Comparisons of the pharmacokinetic parameters investigated in this study and the preceding phase 1/2 study22 in Japan are not possible due to the limited number of subjects assigned to each of the three doses tested in this study with its wide variability, but the time courses of mean plasma concentrations of pabinafusp alfa at 1.0 and 2.0 kg/mg did not show notable differences between the two studies. Relatively low plasma concentrations of pabinafusp alfa after the 26-week administration in this study are interpreted to be due to the said wide variability of the concentrations in each patient within a small sample, in addition to development of antidrug antibodies in one patient in both 2.0 and 4.o mg/kg groups.

The efficacy of pabinafusp alfa against somatic symptoms was evaluated on the basis of substrate concentrations in the urine and serum, as well as liver and spleen volumes and cardiac functions. Marked reductions in substrate concentrations were observed in the naive patients, and levels were generally maintained in the patients who switched from idursulfase to the test drug. Liver and spleen volumes and cardiac functions remained generally stable throughout the study period in patients previously on the conventional ERT, whereas improvements in organomegaly were seen in ERT-naive patients. Taken together, these results suggest that the somatic efficacy of pabinafusp alfa is comparable to that of idursulfase.

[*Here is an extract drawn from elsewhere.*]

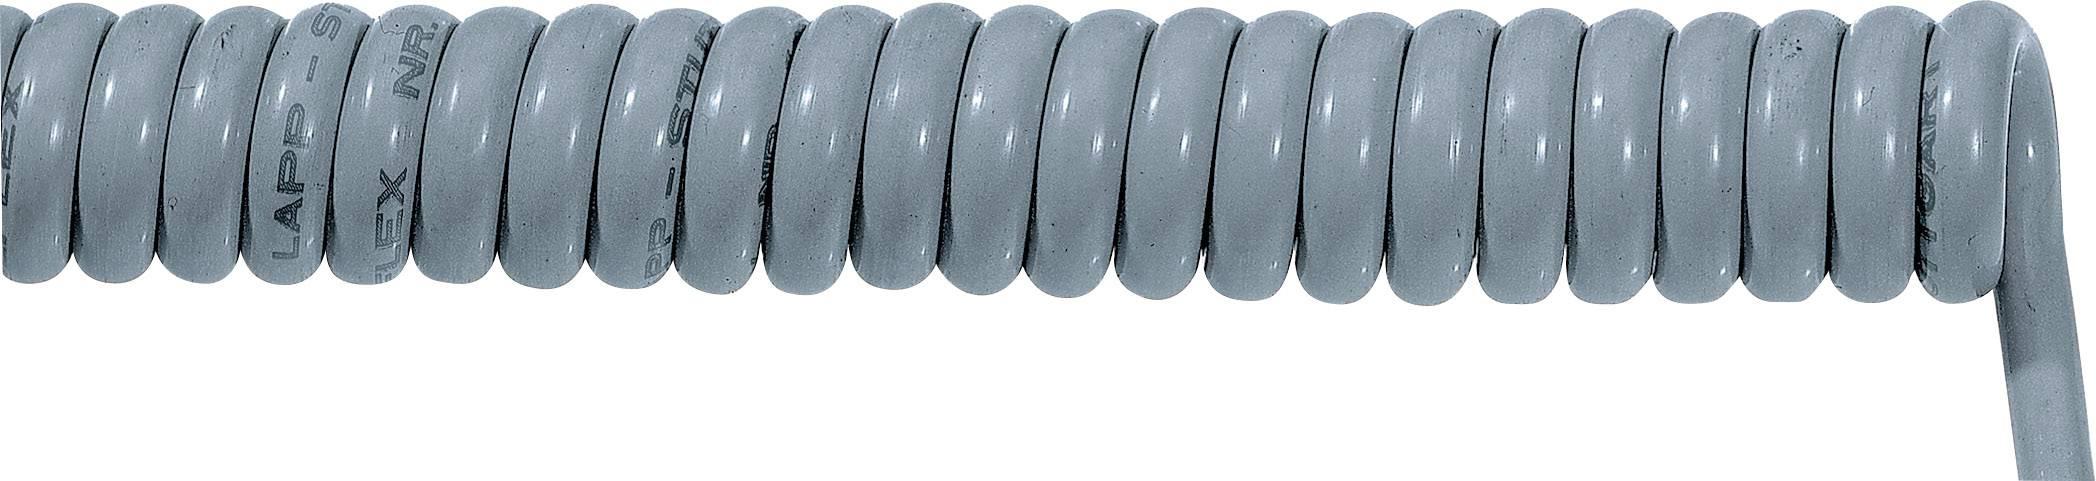 Špirálový kábel 70002628 ÖLFLEX® SPIRAL 400 P 3 x 0.75 mm², 500 mm / 1500 mm, sivá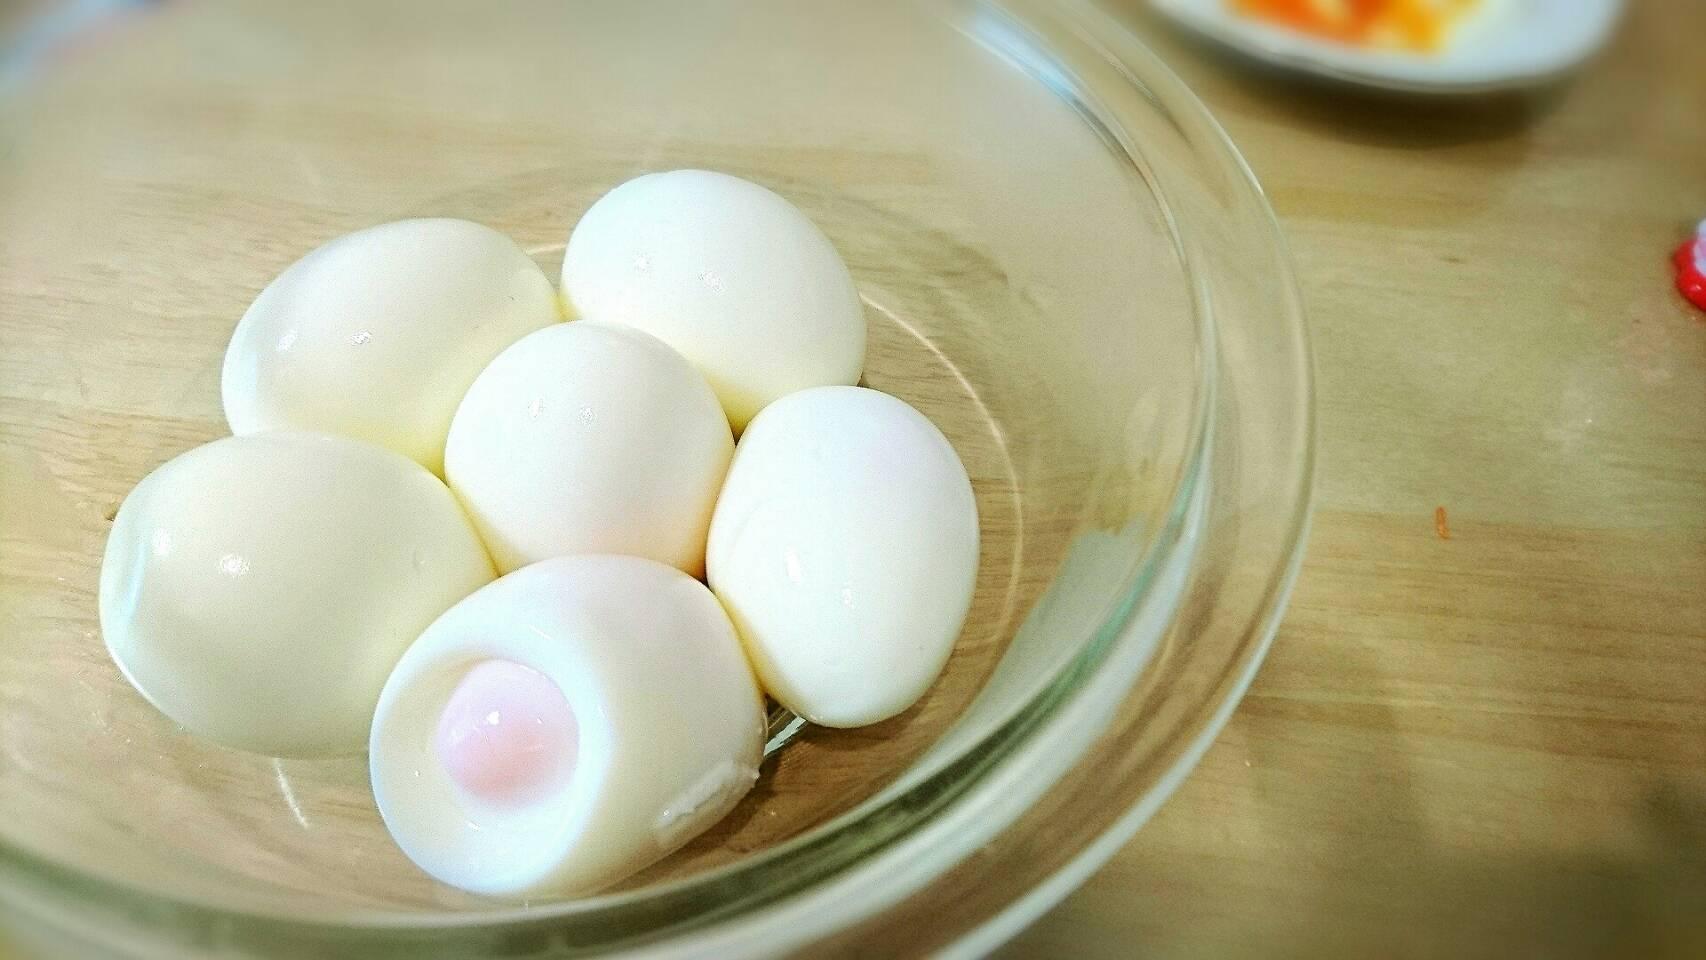 茹で卵の殻を簡単に剥く方法

In terms of the drug’s efficacy against CNS symptoms, the Brazil study showed most notable reductions of HS levels in the CSF in the 2.0-mg/kg and 4.0-mg/kg dosage groups, successfully replicating the findings of the clinical trials24,25 conducted in Japan and providing further evidence that pabinafusp alfa is delivered into the brain through the BBB to address the initial process of the complex cascade of neurodegenerative events that take place in severe MPS-II.4

As neurodegeneration causes multifaceted functional and structural damage that is neither specific nor pathognomonic to MPS-II, clinical manifestations vary significantly, making them difficult to evaluate clinically. One of the most devastating CNS manifestations of severe MPS is neurocognitive impairment, which is known to differ in severity and progression according to the specific MPS-II phenotypes.26 Furthermore, neurocognitive evaluation needs to take account of both normal development, which may be sustained in some patients for several years after birth, and disease-derived developmental delays that differ considerably from patient to patient. Evaluation of neurocognitive development is thus hard to conduct in a limited number of patients within a short study period.

The neurodevelopmental data of 52 weeks from this study and its extension study showed overall stabilization of neurocognitive function as well as adaptive behavior, along with positive changes in developmental trajectories in most patients, irrespective of the severity of their condition.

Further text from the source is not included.